Le lac Selby mesure 800 mètres de large par deux kilomètres de long, a une profondeur moyenne d’un mètre et une fosse de dix mètres. Il est situé à Dunham, non loin de Frelighsburg.

Les poissons du lac Selby à l'étude

Le lac Selby a été sélectionné, avec 16 autres plans d’eau, dans le cadre d’un projet provincial qui évalue l’impact des changements climatiques sur la faune aquatique des lacs.

Les 24 et 25 septembre dernier, le Service de conservation de la biodiversité et des milieux humides du ministère des Forêts, de la Faune et des Parcs du Québec (MFFP) a installé une chaîne de thermographes afin d’évaluer l’impact des changements climatiques sur la faune des lacs au Québec.

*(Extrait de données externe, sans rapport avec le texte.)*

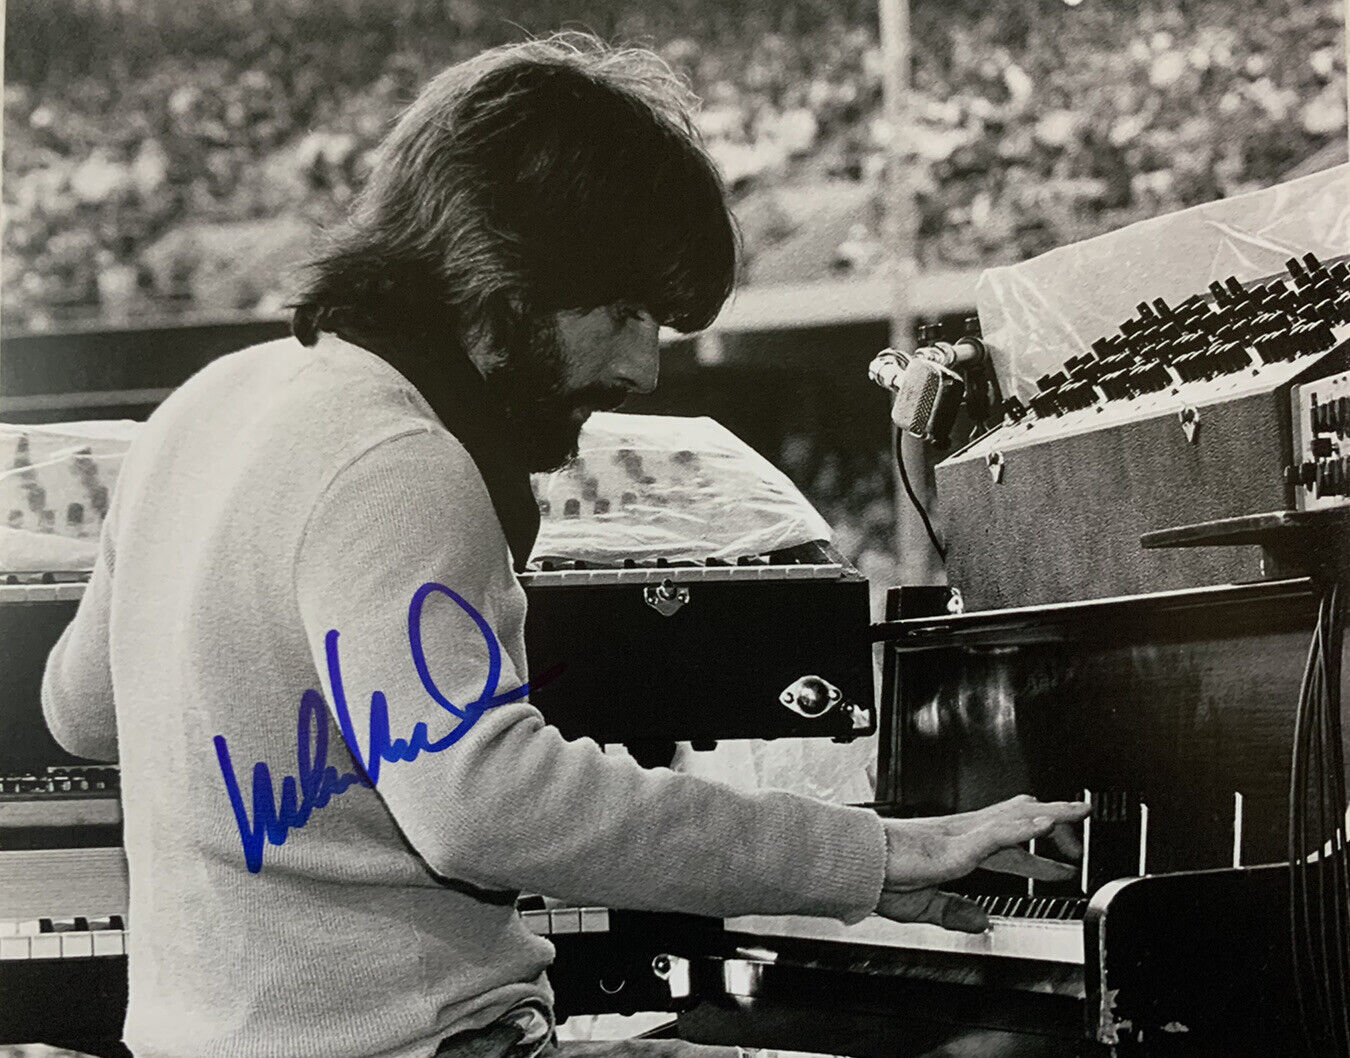 MICHAEL MCDONALD HAND SIGNED 8x10 Photo Poster painting THE DOOBIE BROTHERS AUTOGRAPH COA

Ces appareils de la taille d’une pièce de 25 ¢ mesureront la température de l’eau à différents niveaux toutes les heures pendant cinq ans. 

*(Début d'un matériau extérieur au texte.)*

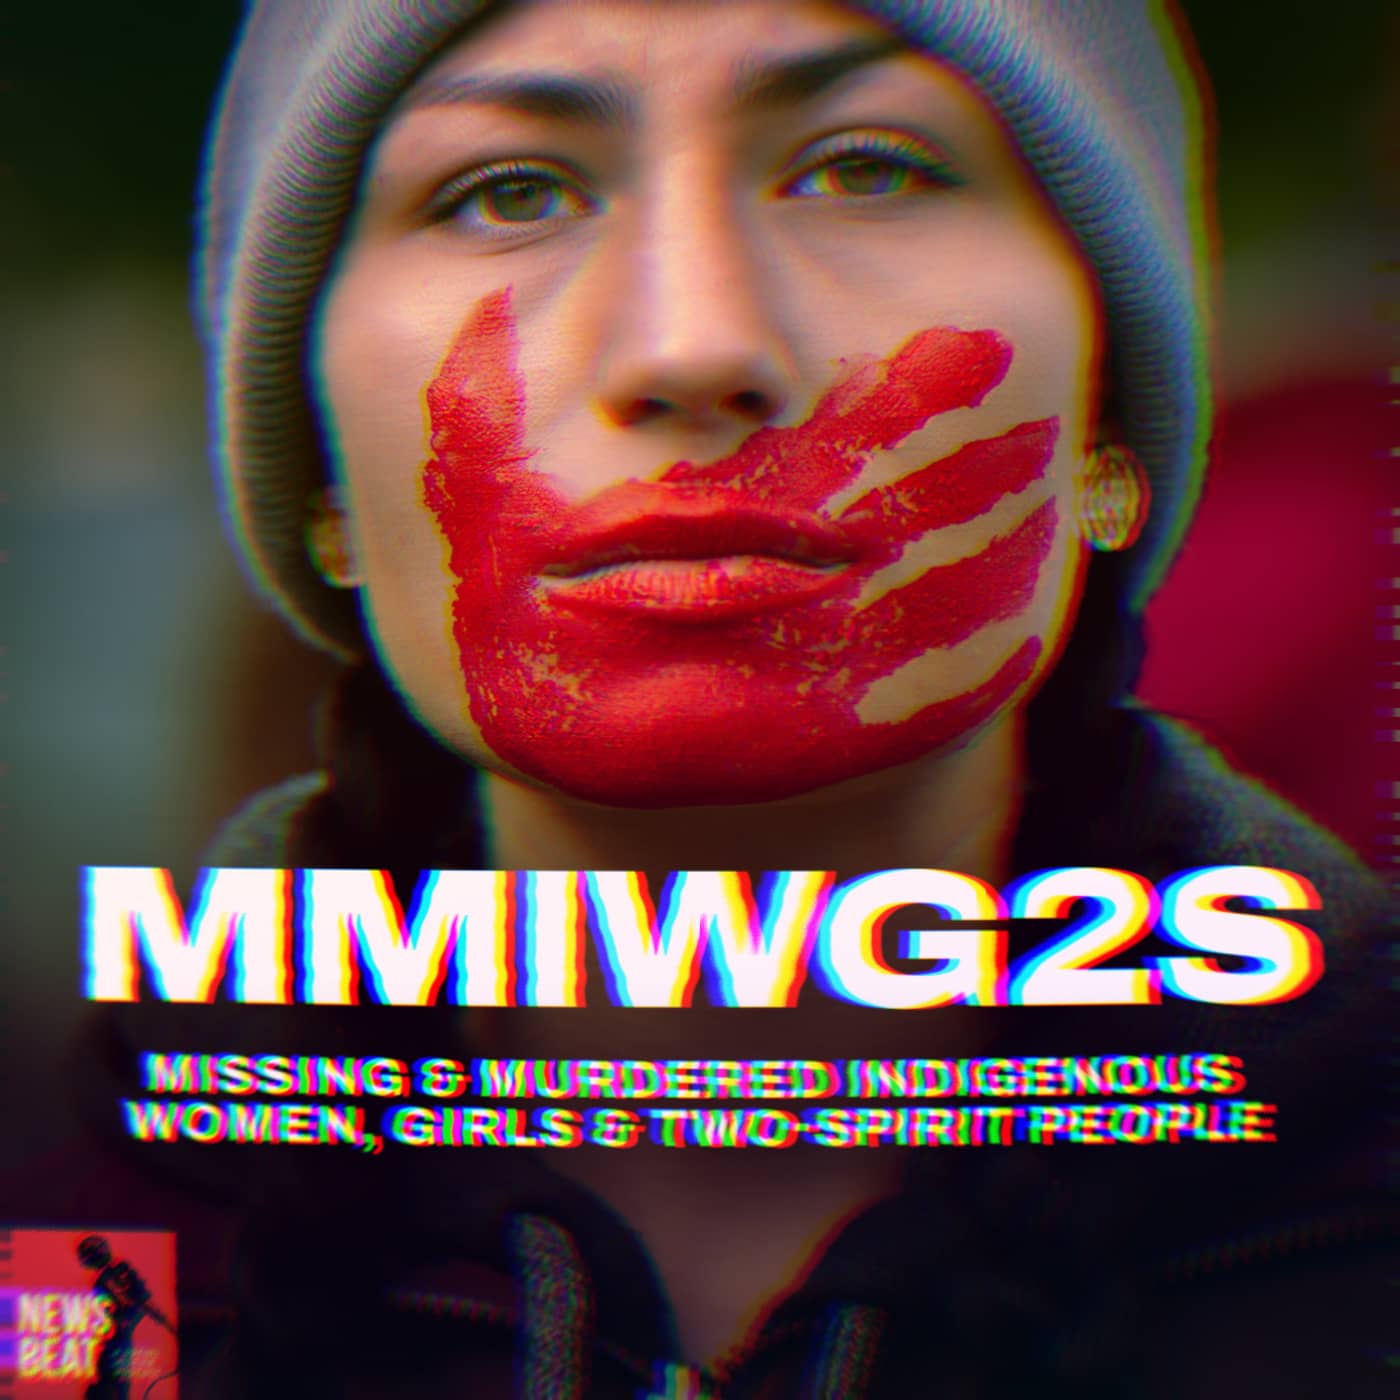 A woman wearing a beanie with a read handprint over her mouth. Accompanying text says MMIWG2S: Missing & Murdered Indigenous Women, Girls & Two-Spirt People. The News Beat Podcast logo is in the bottom left corner.

Ces spécialistes de la faune aquatique ont choisi le lac Selby puisqu’il répondait à certains critères, comme la présence d’un marais et d’une forêt, et, car la municipalité et l’Association de protection du lac Selby (APELS) font déjà un bon travail de préservation et de collecte de données, rapporte le président de l’APELS, François Charbonneau. 

Prélèvements

L’équipe dépêchée sur ce petit lac de 800 mètres de large par deux kilomètres de long a aussi prélevé des échantillons de plancton et d’ADNe — ADN environnemental présent dans l’eau — afin de connaître les espèces de poissons qu’on retrouve dans le lac et lesquelles sont touchées par les changements climatiques. La batterie de tests comprenait aussi la mesure du degré de pH et du taux de phosphore. 

Les données recueillies s’ajoutent à celles que prend déjà l’APELS en association avec l’Organisme de bassin versant de la baie Missisquoi. Les données de l’Association de protection du lac Selby sont ensuite envoyées à un laboratoire indépendant qui vérifie la qualité de l’eau et sa transparence, qui était d’ailleurs à « un niveau record [maximum] de trois mètres cette année », souligne François Charbonneau. Il note aussi l’absence de cyanobactéries, aussi appelées « algues bleues », pour l’année 2019 jusqu’à maintenant. 

Ce projet est vu comme « une excellente nouvelle pour le lac », selon le maire de Dunham, M. Pierre Janecek, qui a rappelé par voie de communiqué que près de 200 000 $ ont été investis au cours des dernières années « en réfections de rues et de fossés autour du lac » et pour l’installation de capteurs de sédiments et de bassins filtrants, des mesures qui préviennent le déversement de phosphore dans le lac, qui est la cause de la présence d’algues bleues.